Roughly speaking, here's what you need to do first:
- start with a fresh copy of your game files (if you've been mucking around with trying to add message audio in the wrong way, SCI Companion may have created a "bad" audio map file for the speech, or something like that). At any rate, start with a fresh copy of the original game
- rename resource.aud to resource.sfx. Speech and digital audio go in separate resource package files, and you'll end up deleting all digital audio in the game if you don't do this (since speech always goes in .aud, and digital audio sfx goes in .aud... or in games with speech it goes in .sfx).

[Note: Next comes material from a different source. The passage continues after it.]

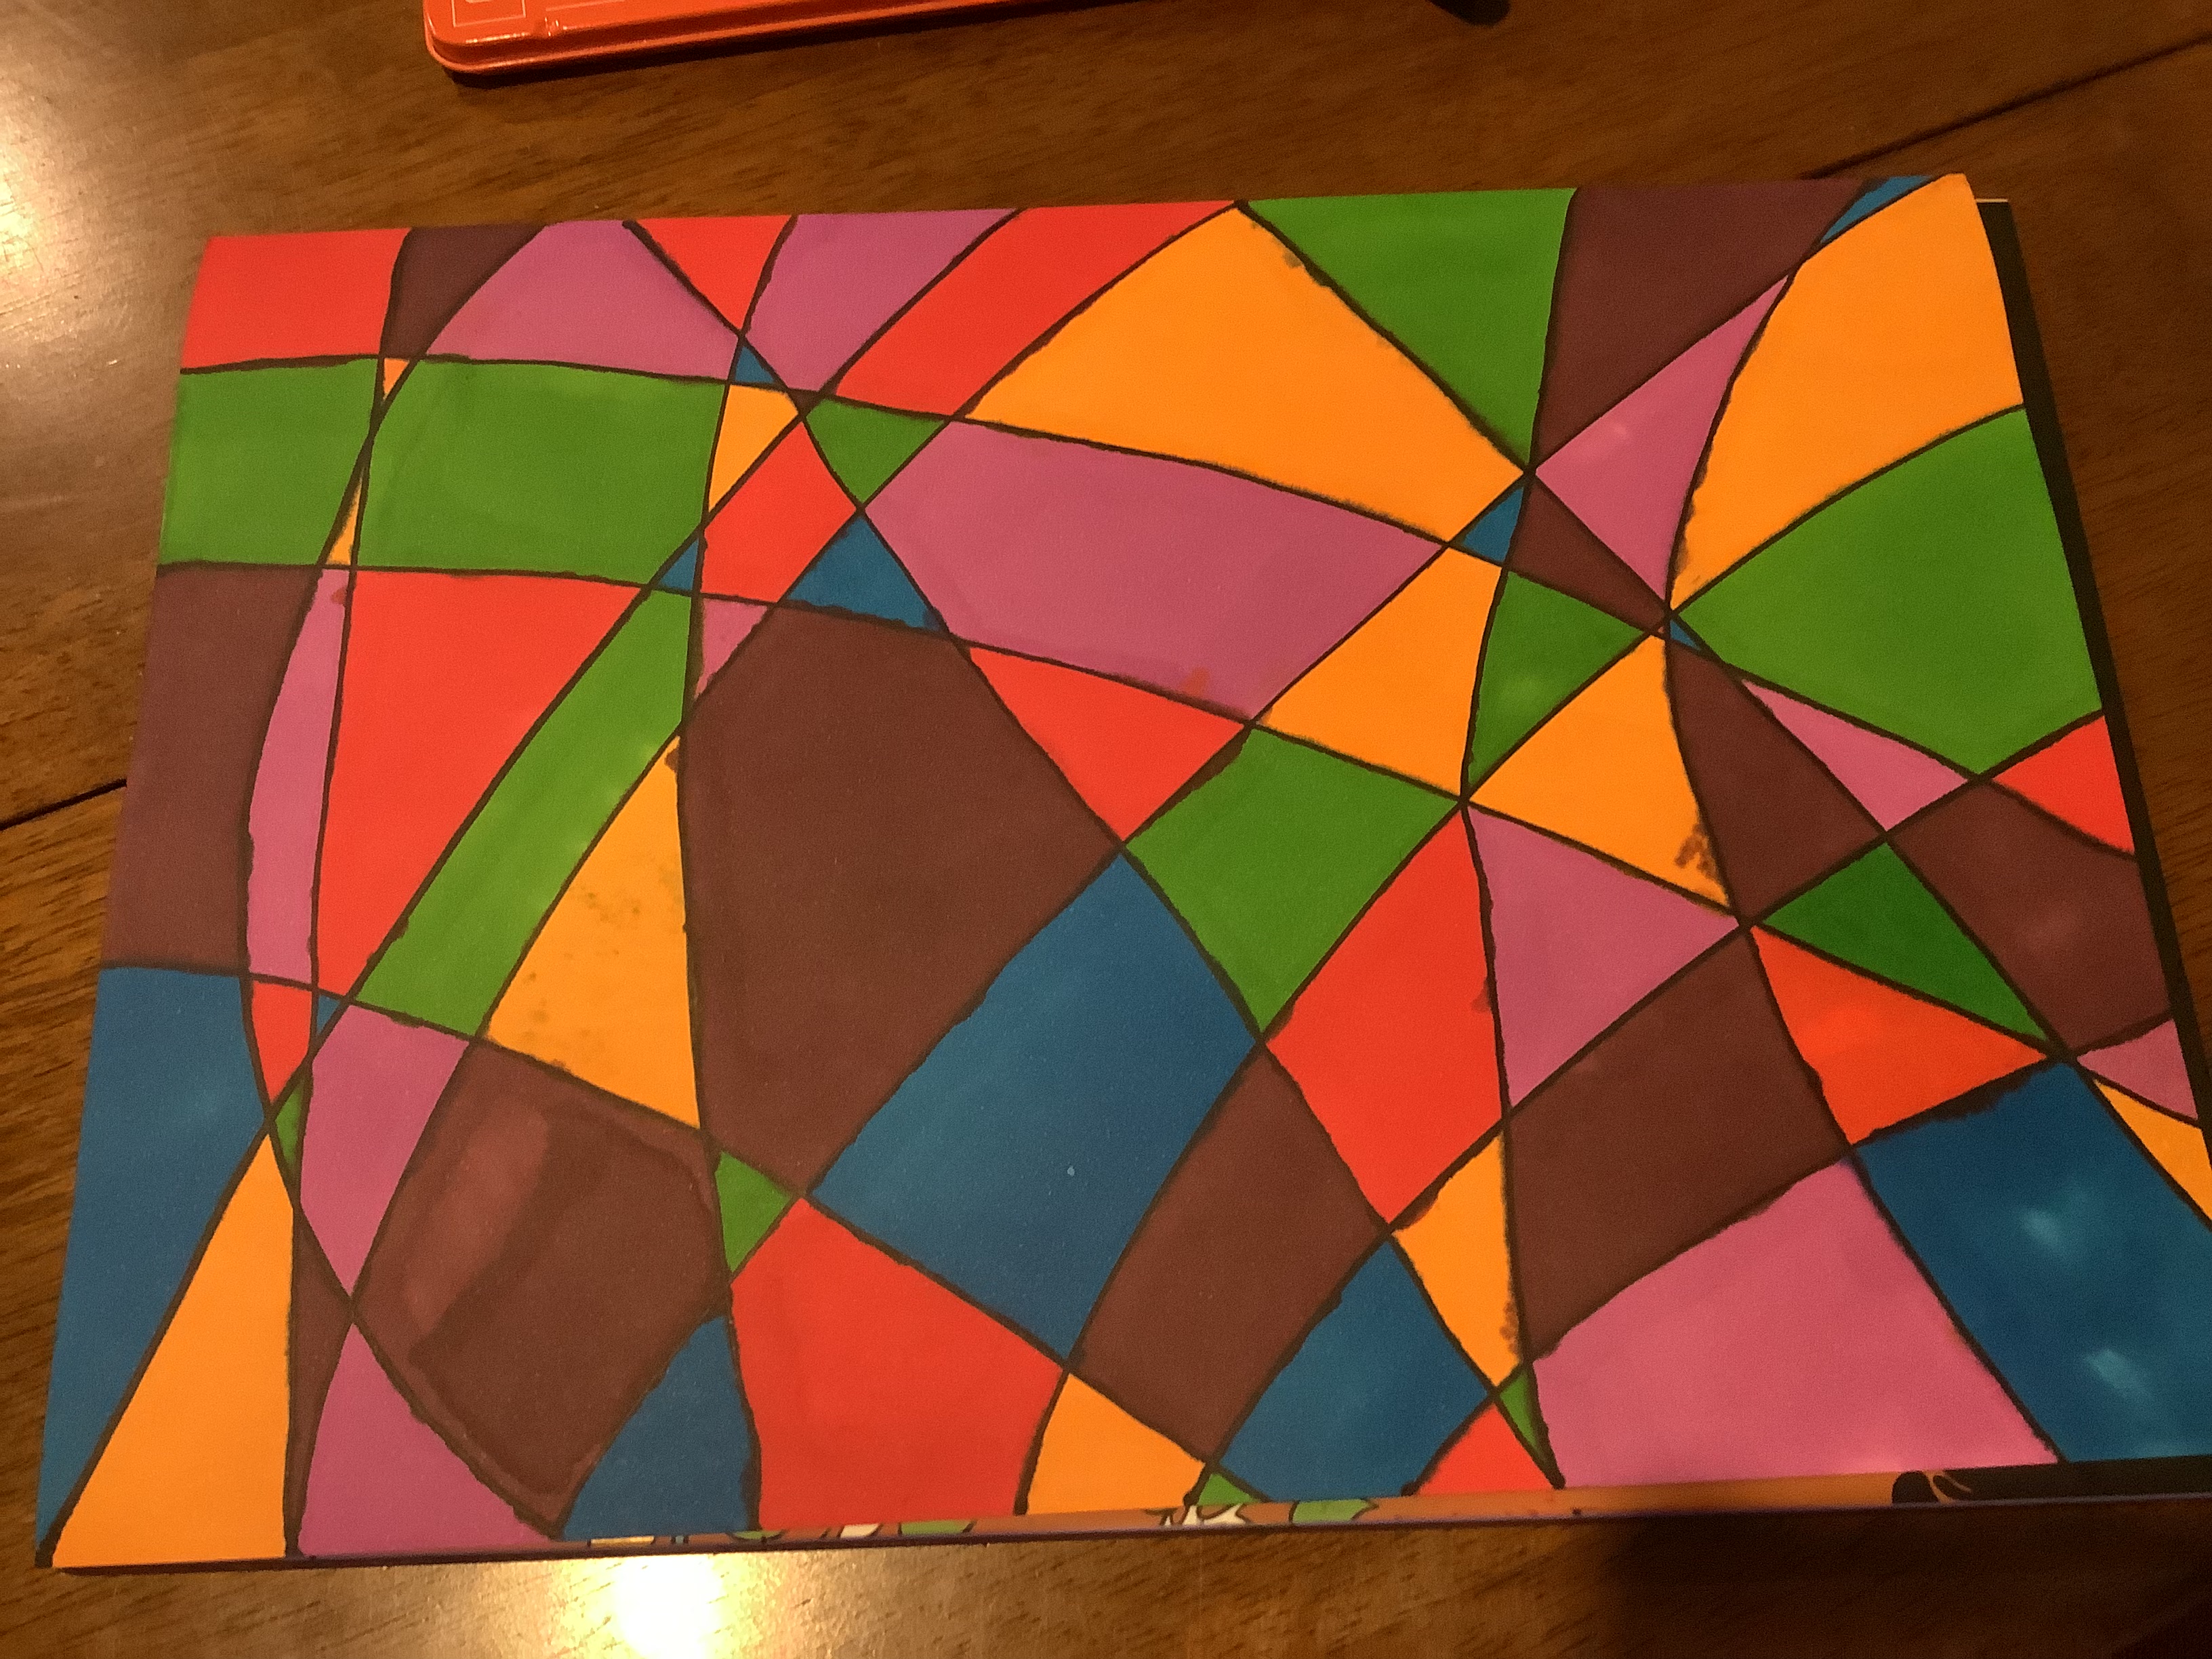 A multi-coloured, abstract art work done with alcohol markers.
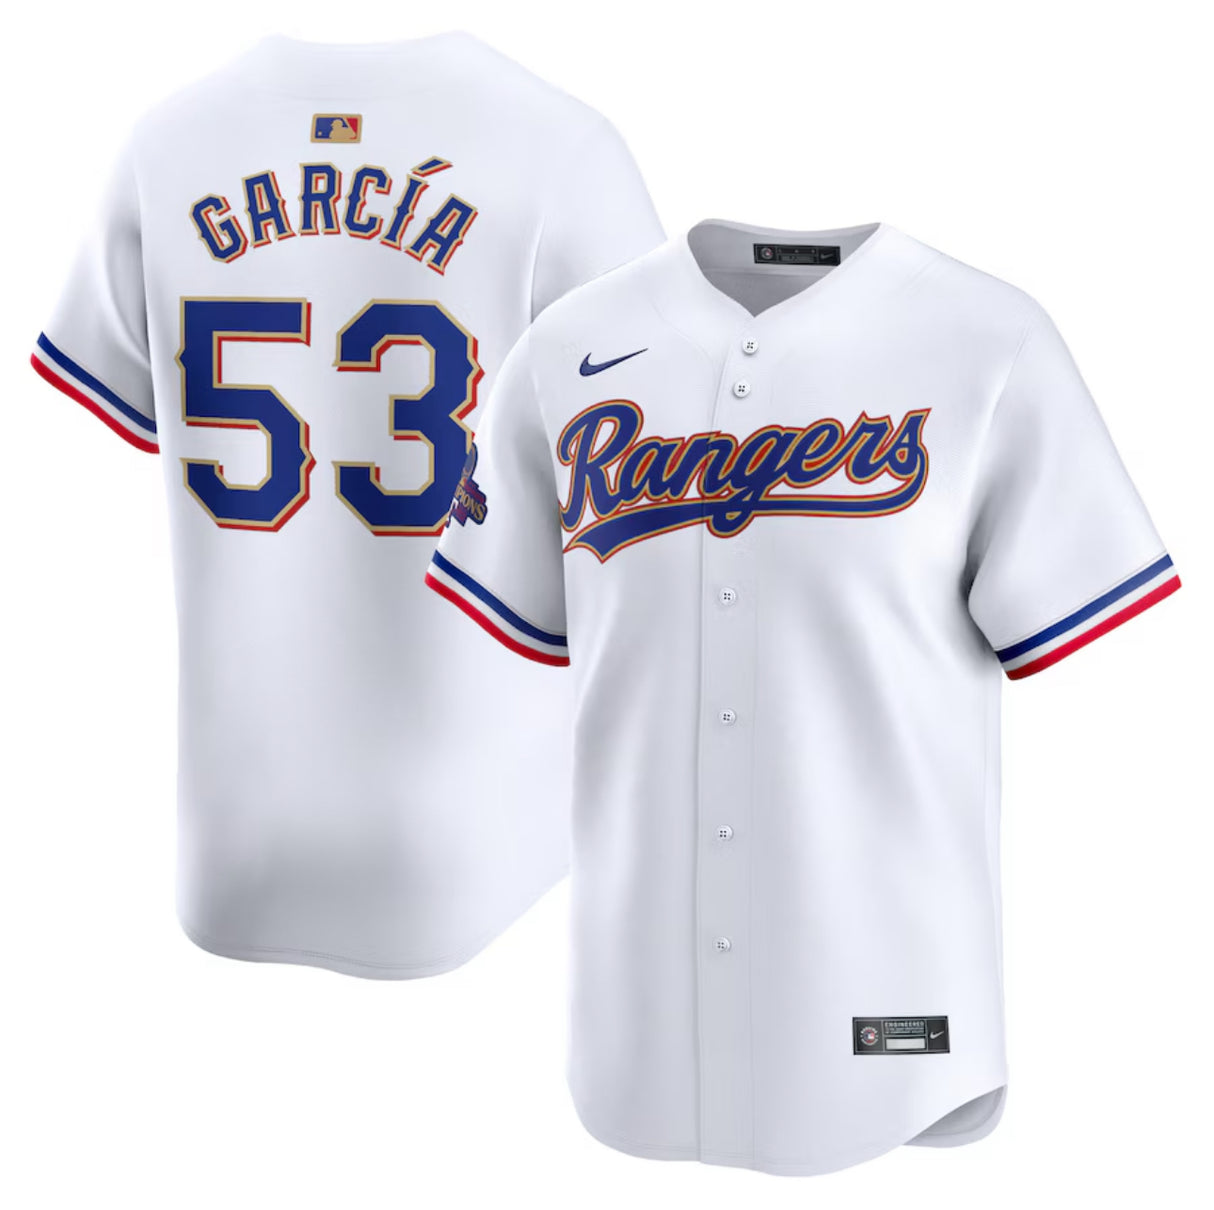 Adolis Garcia Texas Rangers Gold Edition Jerseys - Jersey and Sneakers

- open the game in SCI Companion. Make the changes necessary as outlined in the thread that kawa linked (check "supports message audio", Set the Audio36 format to "sync map late", and set the Audio volume name to "aud/sfx", reload the game, and add an audio recording to a message resource, etc..).
- make sure the game still runs. Also, you should have both a resource.aud and a resource.sfx in your game folder now
At this point, you should have a game where you can add message audio, and the game should run. Might want to make a backup at this point.
Because now you have to start mucking with scripts. The first thing is to decompile all scripts:
http://scicompanion.com/Documentation/decompiler.htmlAt the very least, you're going to need to make changes to the Main.sc script. After decompiling things, you should be able to open the Main.sc (and not get the warning message asking if you want to disassemble it).
One other thing is that you'll want to open Tools->PReferences and uncheck " save scripts before run" and " Compile modified scripts before run", or else Companion will recompile scripts that depend on Main after you change Main. Not a huge deal, but to minimize risk (e.g. to change as few script resources as possible to avoid any decompiler bugs) it's a good idea.
Next, in the Main.sc script, you'll want to change the two places that global90 is set to 1, to instead have it set to 2. This switches from text mode to speech mode. Compile, and run the game.
And now... you'll hear nothing when the speech is supposed to play. Haha... I just tried this, and that's what happened anyway. It paused for roughly the right amount of time while the speech played, but I heard nothing.